Critically and popularly acknowledged as the top contemporary novelist in the world, Yank author John Grisham specialises in courtroom dramas. Which is not to say that he isn't interested in other genres, too. American sports for one, which he occasionally pens stories about regarding his childhood, as well.

Calico Joe by John Grisham, 246 pp, 2013 Hodder paperback. Available at Asia Books and leading bookshops, 325 baht.

In sports there are figures that stand out for longer or shorter periods, until overshadowed by those who break their records. Fans are loyal to bygone sports heroes. Come on, they say. There will never be another Joe Louis, Red Grange, Sea Biscuit. Not only were they the best, they dominated their sports.

Which is what the fiction title-role of Grisham's latest book is. Calico Joe has no trial or even a lawyer among its characters.
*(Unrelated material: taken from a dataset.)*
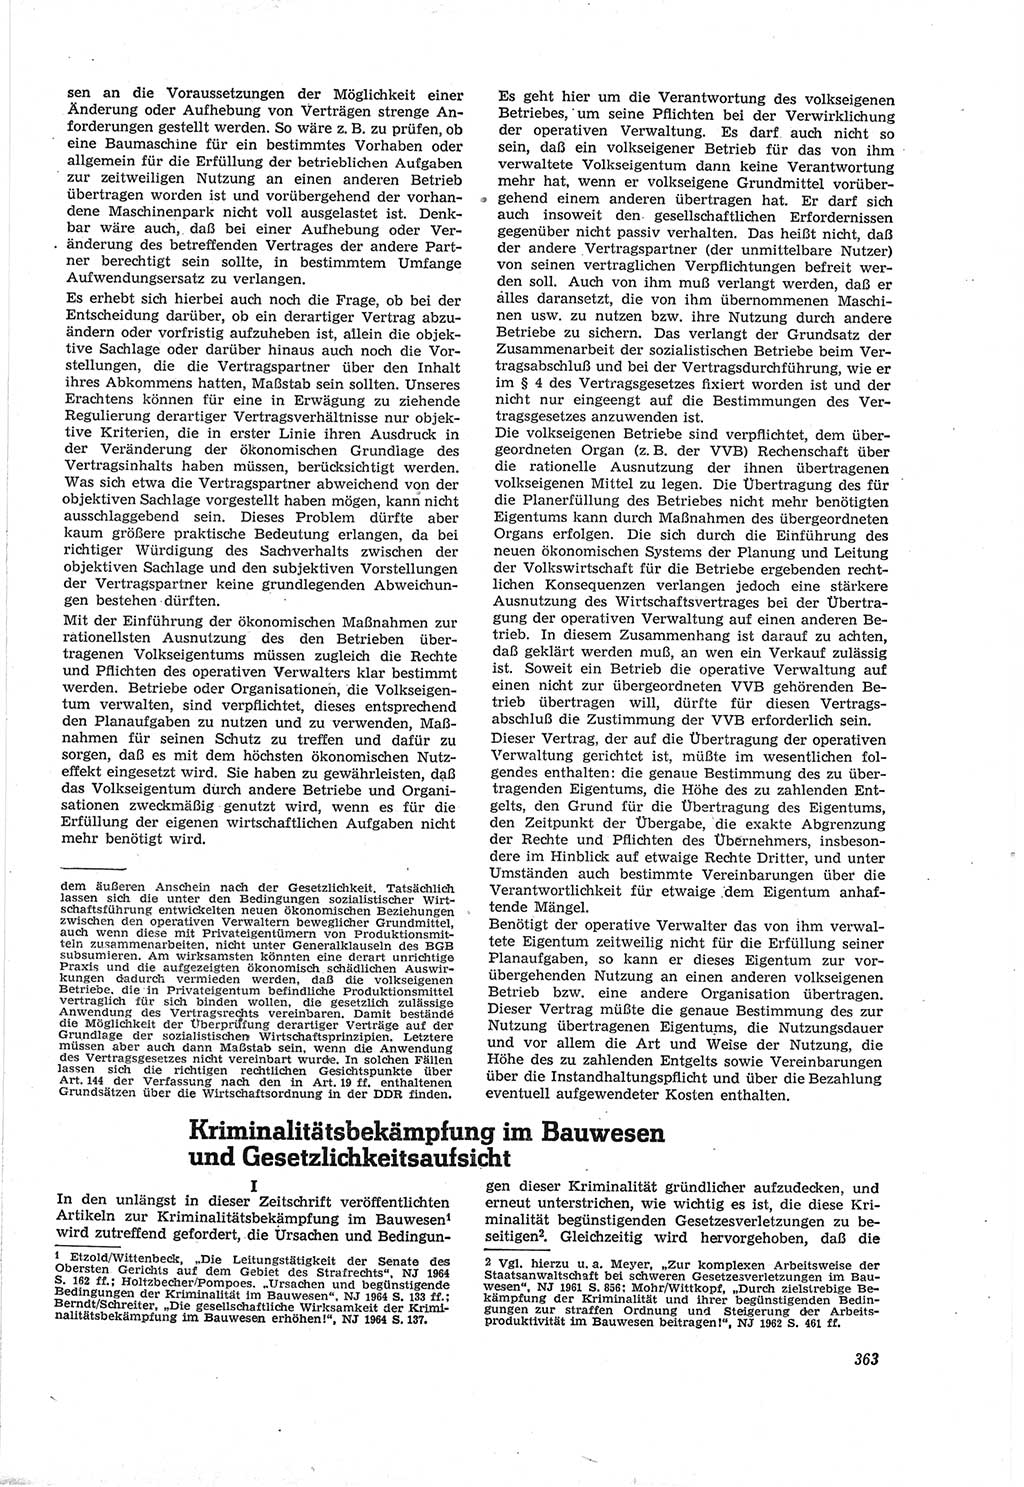 Neue Justiz (NJ), Zeitschrift für Recht und Rechtswissenschaft [Deutsche Demokratische Republik (DDR)], 18. Jahrgang 1964, Seite 363 (NJ DDR 1964, S. 363)

What rules and regulations it contains refer to baseball. The narrator is Paul Tracy, son of New York Mets baseball player Warren Tracy who he hates, and admirer of Chicago Cubs baseball player Joe Castle (Calico).

We are asked to believe that not only is baseball the favourite sport, but every American father plays catch for hours daily after school and work. At weekends, the youngsters play little league baseball, the dads coaching.

Paul is 11 when 21-year-old Joe leaves the minor league and joins the major-league Cubs, immediately demonstrating his amazing ability when at bat. No matter what kind of ball is pitched, he hits mainly home-runs, becoming a national celebrity. By contrast, Warren is barely kept on at the New York Mets.

Beating his wife, son and daughter when drunk, verbally abusing them when sober, the family throws Warren out. In the book's tragic scene, Warren deliberately pitches a fast ball to Joe and breaks his face, ending the wonder players's career. The sports world hates Warren with a vengeance.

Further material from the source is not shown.